Still haven't been bothered to do all the maths, so sorry! Title: Re: What are the odds ? Post by: EvilPie on August 14, 2013, 07:07:17 PM Thought I'd covered that by saying we've got 8/51 to hit then 7/50 etc......
Might be wrong obviously but can't see how right now. Title: Re: What are the odds ? Post by: Tal on August 14, 2013, 07:34:33 PM I'll get a fag packet and a BetFred pen and work out you're right later.
Title: Re: What are the odds ? Post by: cambridgealex on August 14, 2013, 07:36:15 PM im doing some simple maths for open face chinese and my brain is being painfully tiresome with things that are very basic i'm sure.
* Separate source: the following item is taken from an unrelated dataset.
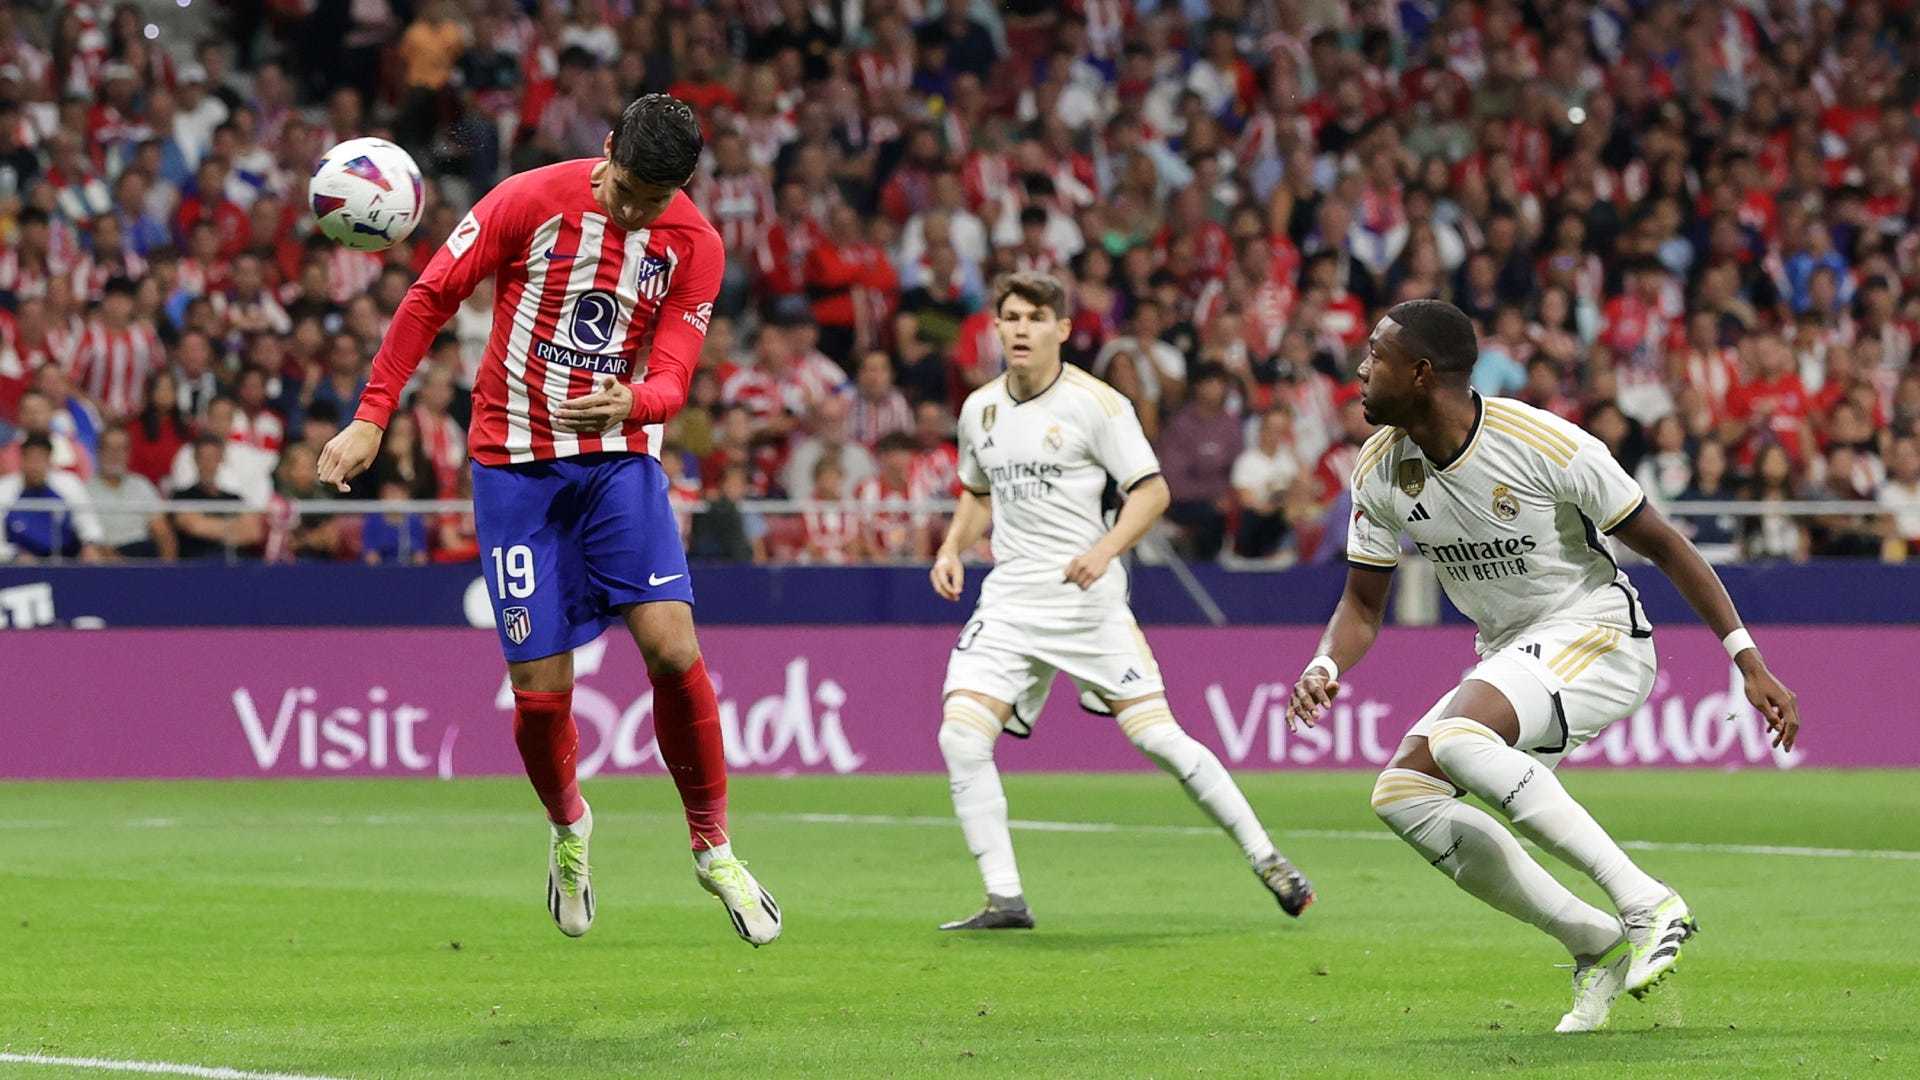 Uno de los goles de Morata, durante el ltimo derbi liguero.

If someone could answer this, with working, I'd be very grateful. There are 8 cards dealt to 4 players A,B,C and D, so two each. Two of the 8 cards are picture cards. What are the odds that player A gets AT LEAST one picture card? Title: Re: What are the odds ? Post by: edgascoigne on August 14, 2013, 07:43:21 PM im doing some simple maths for open face chinese and my brain is being painfully tiresome with things that are very basic i'm sure. If someone could answer this, with working, I'd be very grateful. There are 8 cards dealt to 4 players A,B,C and D, so two each. Two of the 8 cards are picture cards. What are the odds that player A gets AT LEAST one picture card? Well player A's first draw sees him have a chance of 2/8. If he hits (which happens 25% of the time) he is then 14.2857% or whatever it is to hit the next one). As such the chance of Player A scooping the two picture cards is x*y= 3.6% He gets a couple of goes at getting one of the two. Calculated as: .75 (6/8 to brick)*.286 (2/7 to hit)= 21.43% .25 (2/8 to hit) * .857 (6/7 to brick) = 21.43% Sum them up and you get 46.46% chance of getting at least one picture. Title: Re: What are the odds ? Post by: Karabiner on August 14, 2013, 07:45:31 PM In the old days at Gala Nottingham of self-dealt tourneys I once witnessed a hand where the flop was 9, 7, 3 and after much raising and shoving I folded my pocket 66 and the cards went on their backs.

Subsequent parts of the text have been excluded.